I understand that since F is nonsingular we can find F^-1 : V-->V
Furthermore, since the dimensions of V and V are the same, F^-1 does exist.
So that's F^-1 ( P'(x) + P(x) ) = P(x)However how can I find the actual mapping?
EDIT: What I got so far is that F^-1 ( P'(x) + P(x) ) = P(x) can be written as
F^-1(a0 + a1 + a1x) = a0+a1x

 

[ircdan]

Ok so you need to find F^-1, let's call it G.

So when you get a problem like this and you really can't figure out how to solve for the inverse, always remember this fact.
G is the inverse of F means GF = i_d and FG = i_d , where i_d is the identity map, ie, i_d:V->V is the linear transformation given by i_d(ax + b) = ax + b.

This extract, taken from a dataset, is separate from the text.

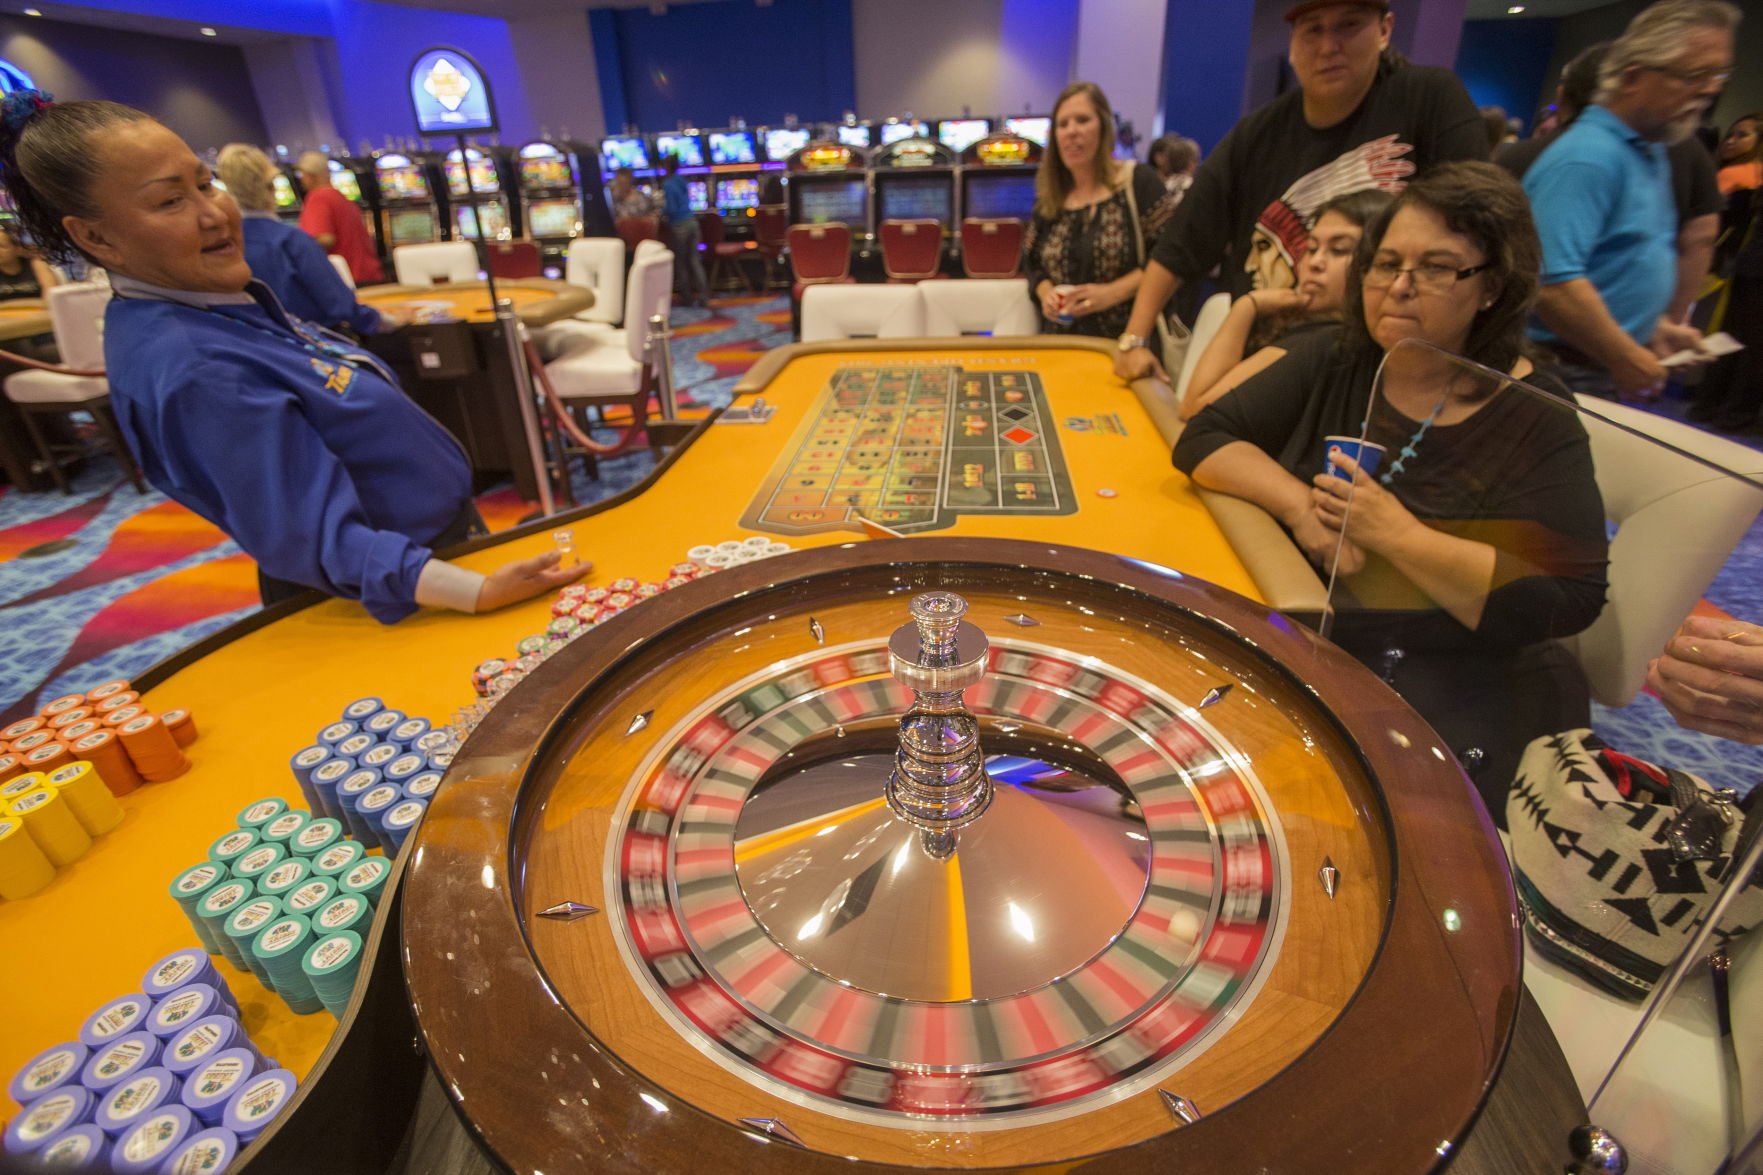 12 tribes casino in omak washington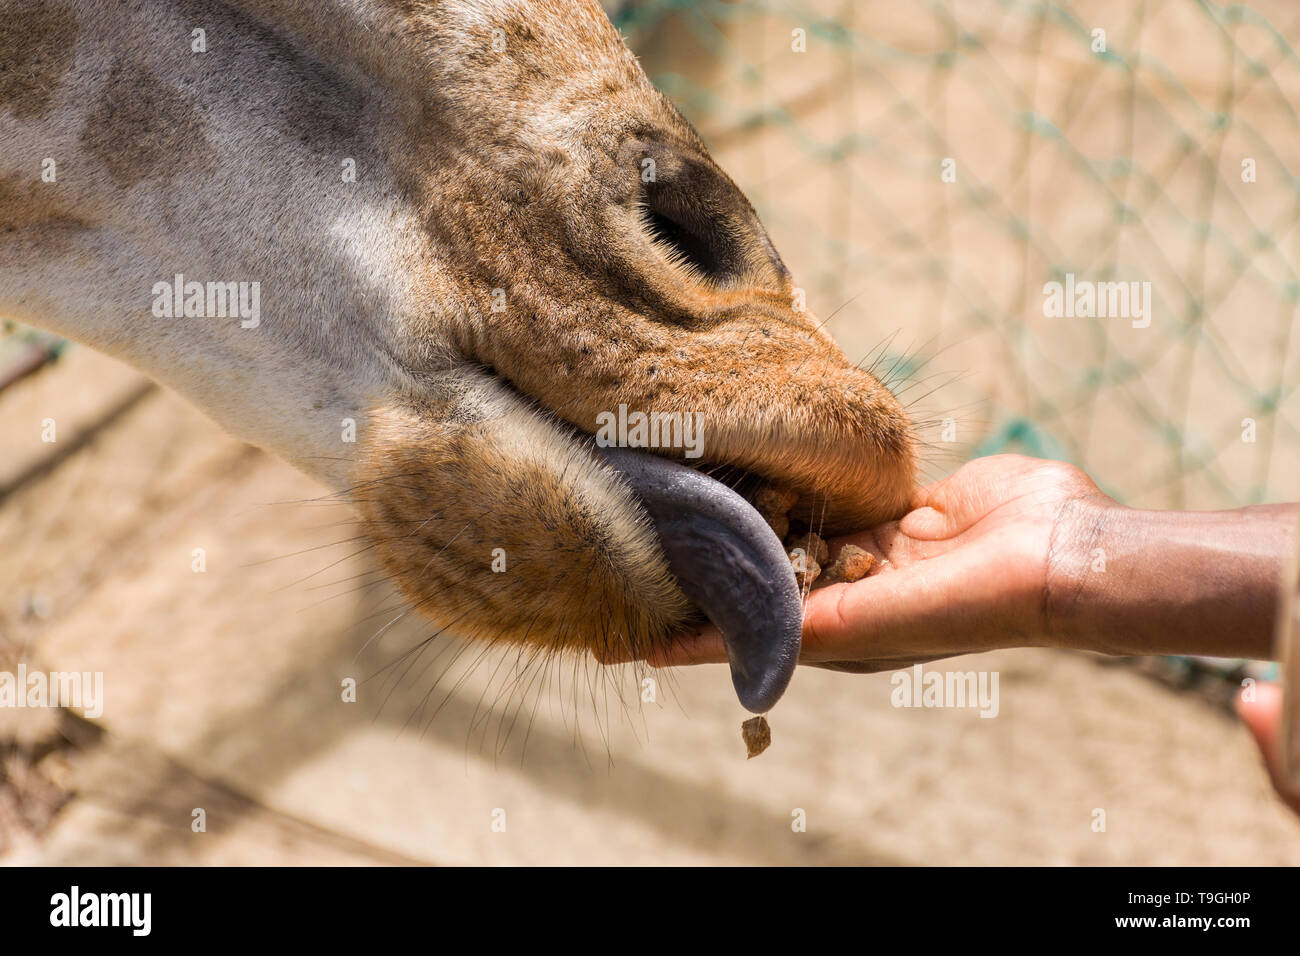 Rothschild's giraffe (Giraffa camelopardalis rothschildi) being hand fed food pellets Stock Photo

So let's work backwards by assuming we already have found G = F^-1. So we have that,

G(F(ax + b)) = ax + b, and
F(G(ax + b)) = ax + b, let's work with this one, so
we need G such that

F(G(ax + b)) = ax + b. We want to find G, assume G(ax + b) = cx + d. Now write out what this means F(G(ax + b)) = ax + b and solve for c and d in terms of a and b and you have G.

Then check that
G(F(ax + b)) = ax + b
F(G(ax + b)) = ax + b

with the G you have found to make sure your answer is correct.

 

[simpledude]

Hi Dan, thanks for the last post.

So I worked on the problem this morning, and when I get to the part
F(G(a+bx)) = a+bx

Assuming G(a+bx)=c+dx

We can write this as F(c+dx) = a + bx

So now is where I get lost, since if I solve for cx + d = a + bx
I just get c = b and d=a ...

How can I write c and d in terms of a and b?